Registry backend design

We are now working on the initial design for the registry backend and looking for input in an open discussion round. Especially, we are looking for people with experience in backend development to discuss some of the more technical aspects.

Some aspects to consider in the backend (not complete, feel free to edit):

  • storage of packages and metadata
    • tarball storage
    • database (mongodb?, sqlite?)
  • upload of package
    • packages should be namespaced (user/package)
    • meta data extraction from manifest
    • authentication of user for namespace selection
  • query for packages
  • download of package

There is also a new repository where we will discuss more concrete tasks in the issue tracker:


I would leave the decision on the exact date next week up to Minh @minhdao and Henil @henilp105.

6 Likes

Thanks for this. I’ll only comment on the first item for now.

Compressed tarballs sound good. I’d do exactly that. I assume that the package data will be stored to an S3-like object-store. If yes, this will allow easy replication/backup and CDN access on the provider end without any extra care needed on the code side.

For the DB choice, the question to ask is whether the data structure is more like a set of unstructured documents (document-based or NoSQL) or a set of structured and interrelated tables (relational or SQL). There are mature open-source solutions for either. While the data structure here does seem to me quite relational, either approach will work fine. IMO the most important factor then is the implementor’s preference and familiarity with the tool.

3 Likes

I am curious about the choice of a tarball versus a zip file; as in the past tar(1) was not standard on MSWIndows. Will tar(1) be required on the client side or just the repository side?

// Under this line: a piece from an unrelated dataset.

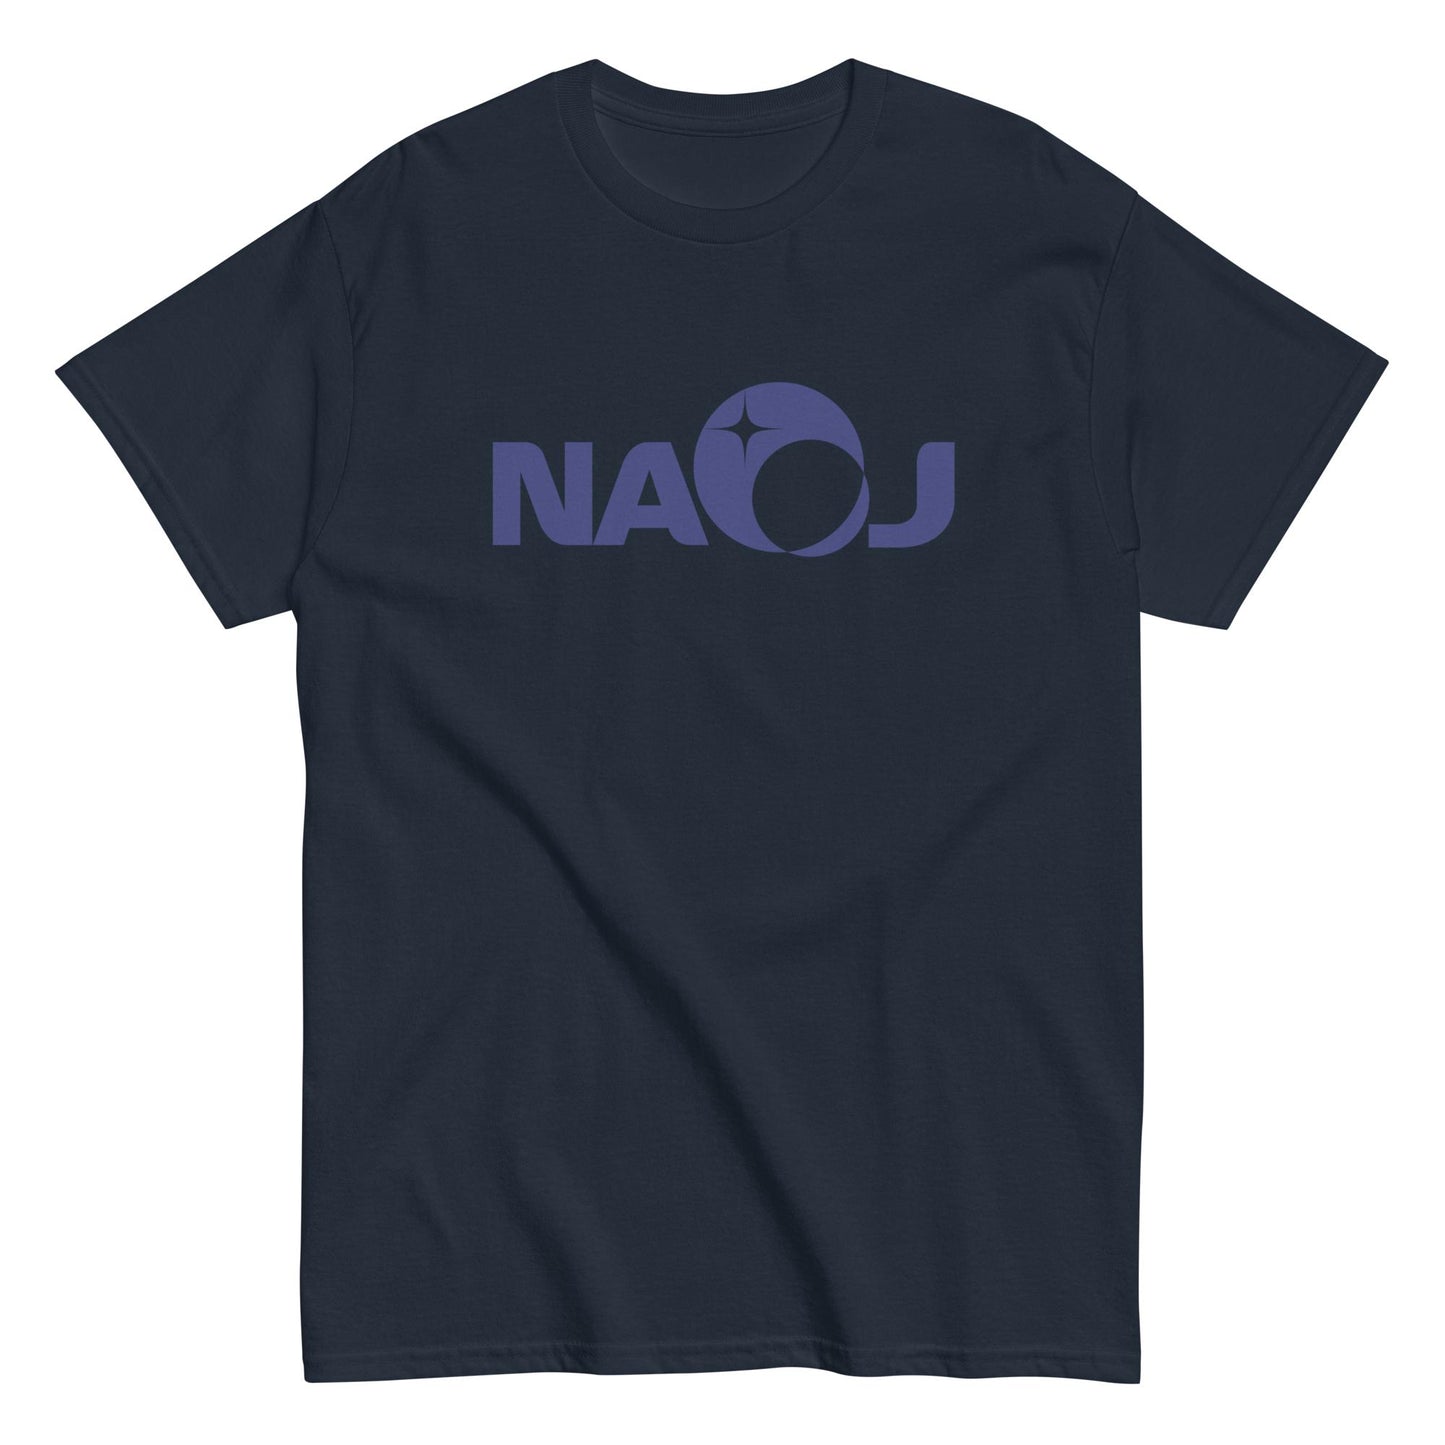 国立天文台 NAOJ ロゴマーク ヘビーウェイト Tシャツ ネイビー x ネイビー XL 00

That leads to the more general question of just what infrastructure will be required for a local
repository. I am picturing a local repository as expanded packages in some directory called
$SOMEWHERE/fpmrepo/ or something like that for simplicity, but perhaps not(?).

Somewhere in there should be a checksum and UUID of some form or another; which is perhaps implied but I think is worth calling out, as there are several possibilities there.

I am wondering what the policy will be on submitting packages. Must they be under a particular license? Will a submitter be able/allowed to retract them? and so on … Any rules decided on yet?

Perhaps some of this is already noted on the site referenced above, so I guess I should look there before continuing a list here … just some first impressions on the list.

Along the lines of extracting the manifest data; it would be nice if the final product allowed me to query a package and it would show the manifest data and optionally recursively the data for any external dependencies. I was just playing around with some ideas related to that but did not get much response, so I am eager to see what is emerging here. Great project!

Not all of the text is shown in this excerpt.